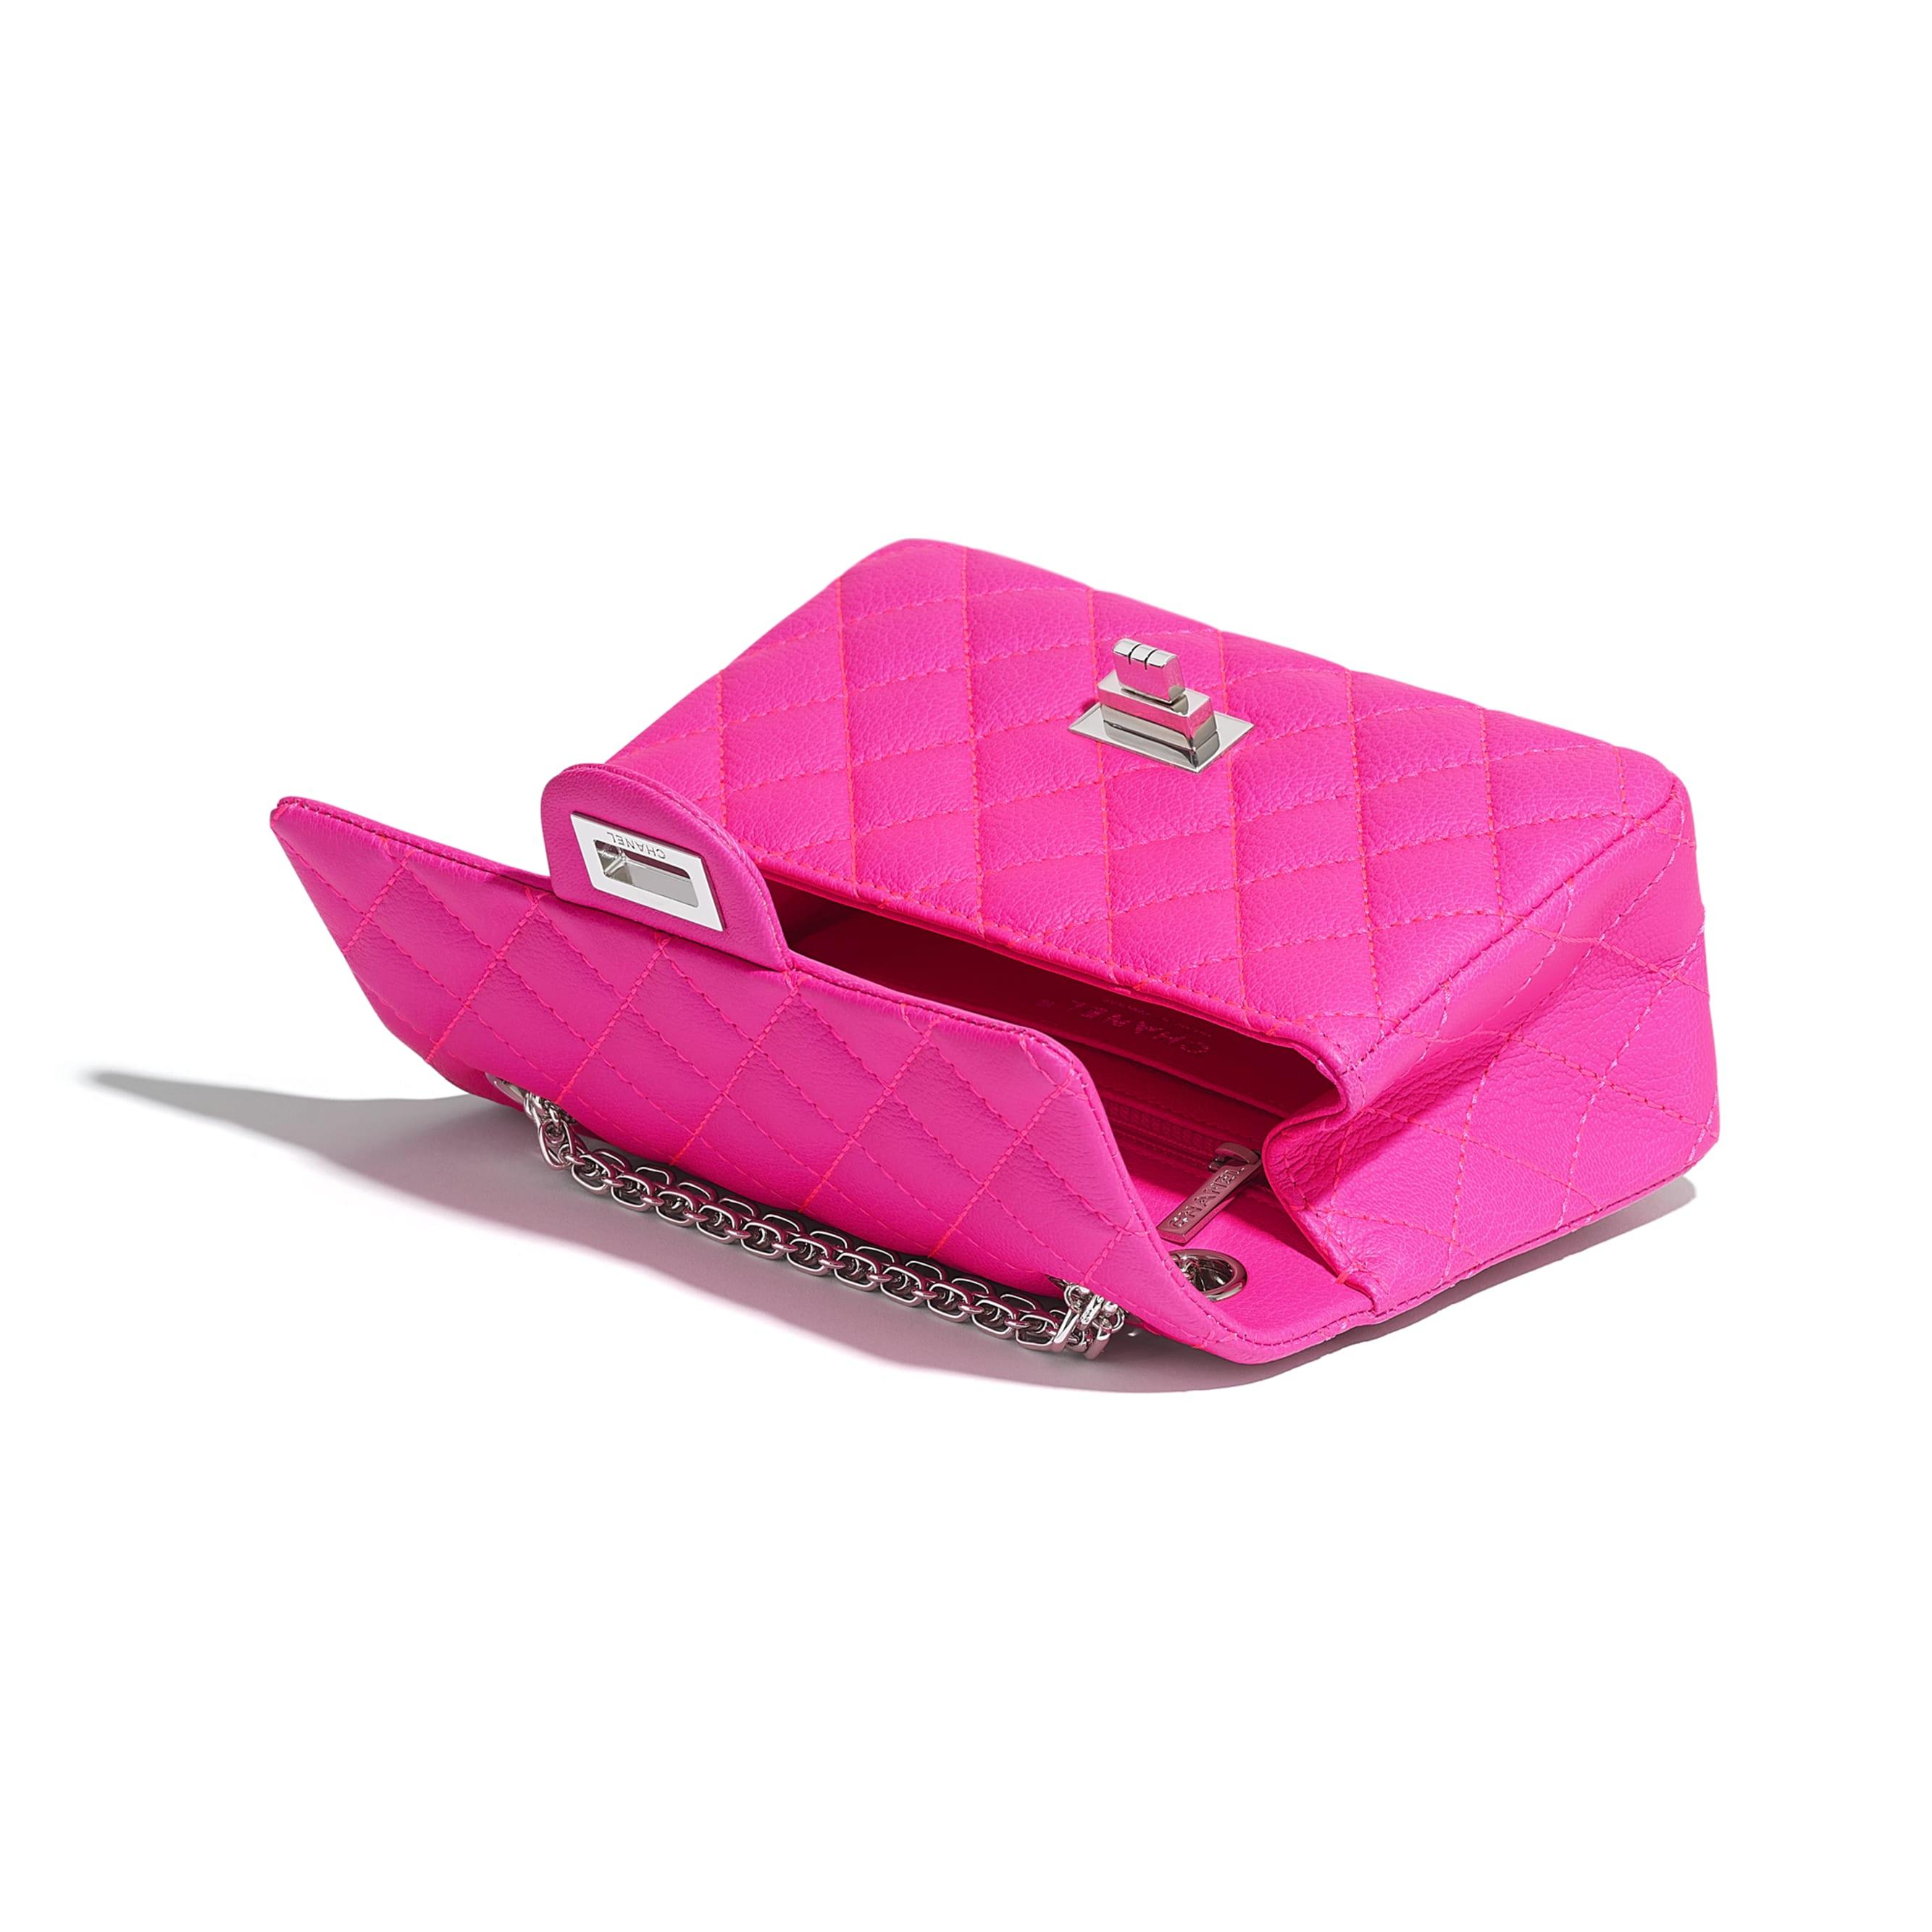 Mini sac 2.55 - Rose - Chèvre & métal argenté - CHANEL - Autre vue - voir la version taille standard
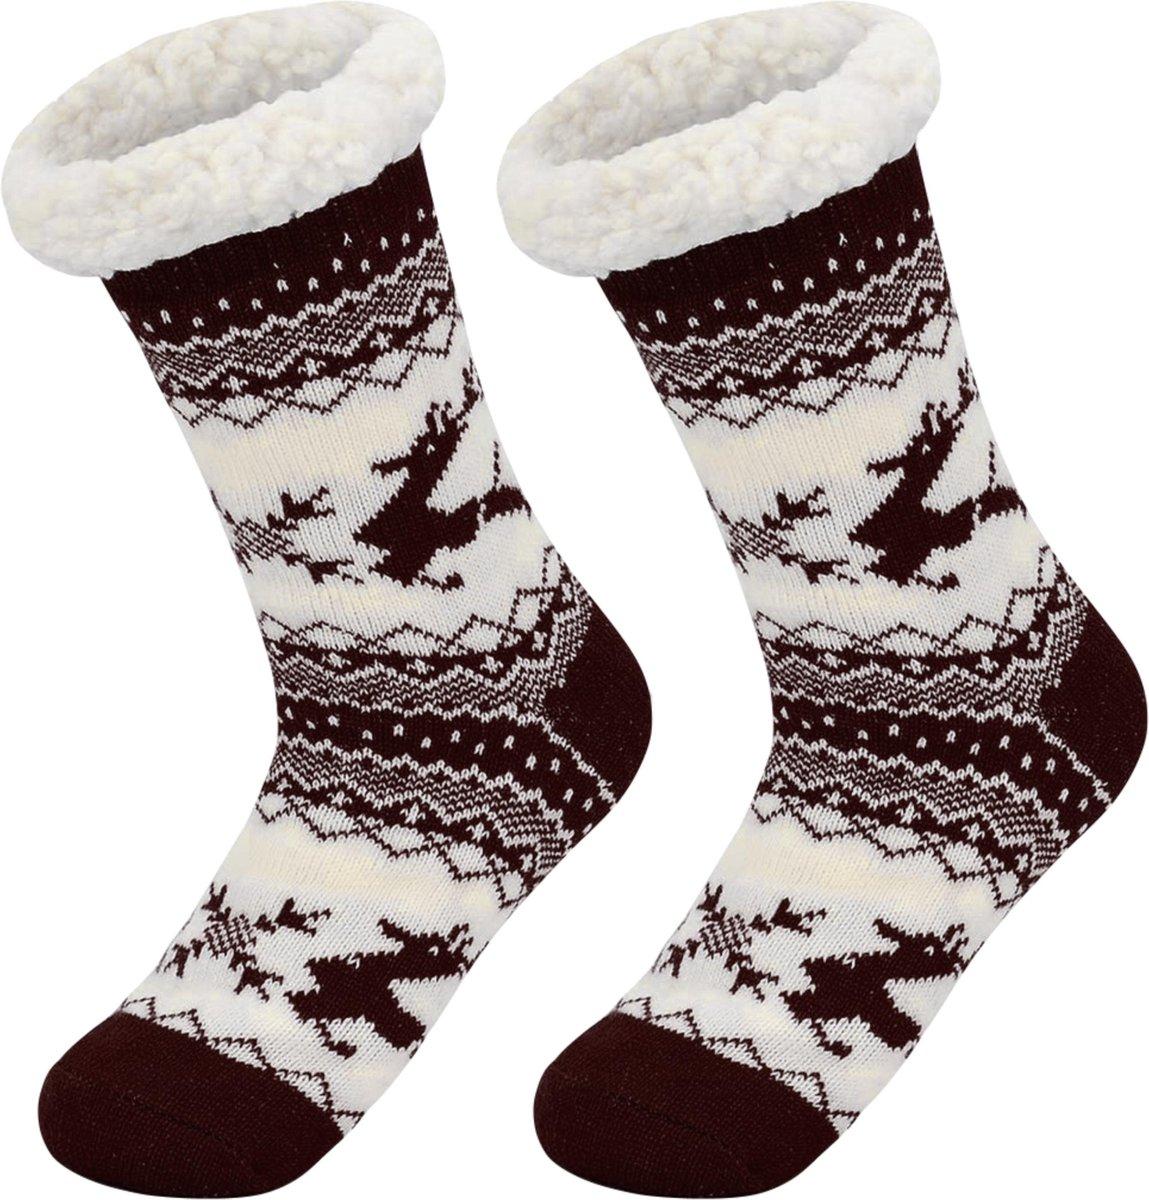 JAXY - Huissokken Dames - Verwarmde Sokken - Anti Slip Sokken - Huissokken - Bedsokken - Warme Sokken - Kerstcadeau Voor Vrouwen - Thermosokken - Dikke Sokken - Fluffy Sokken - Kerstsokken Dames en Heren - Hert Bruin
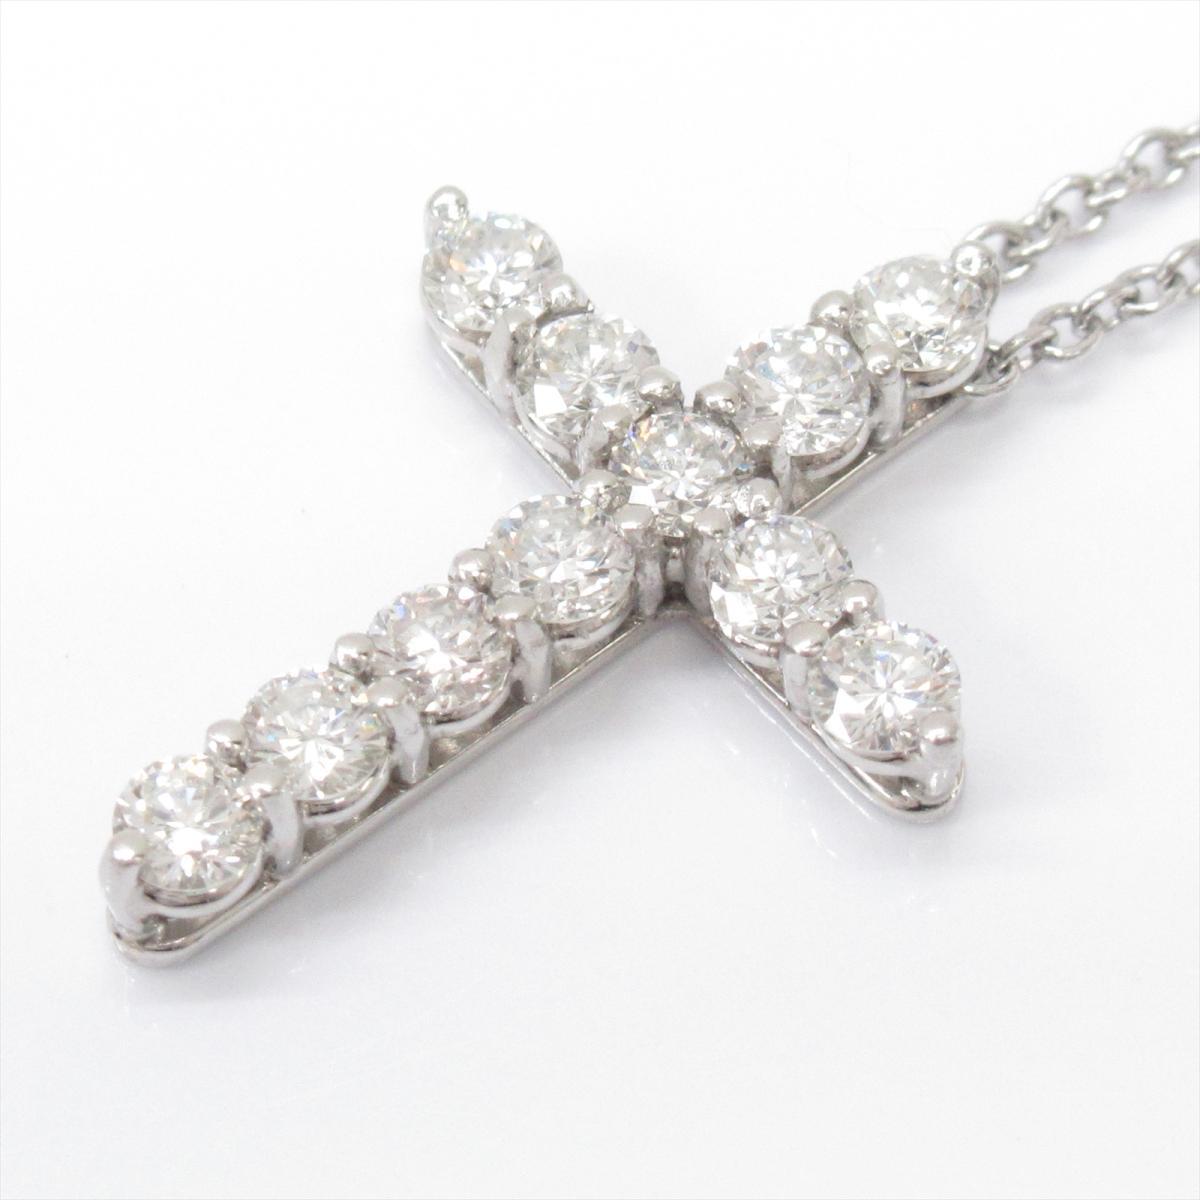 【中古】ティファニー クロス ダイヤモンド ネックレス レディース PT950 プラチナxダイヤモンド(石目なし)
****************************************
With pictures left out, print the lines of the material above from the line containing "JAXY - Huissokken" through its last line, exactly and nothing more.

 JAXY - Huissokken Dames - Verwarmde Sokken - Anti Slip Sokken - Huissokken - Bedsokken - Warme Sokken - Kerstcadeau Voor Vrouwen - Thermosokken - Dikke Sokken - Fluffy Sokken - Kerstsokken Dames en Heren - Hert Bruin
 【中古】ティファニー クロス ダイヤモンド ネックレス レディース PT950 プラチナxダイヤモンド(石目なし)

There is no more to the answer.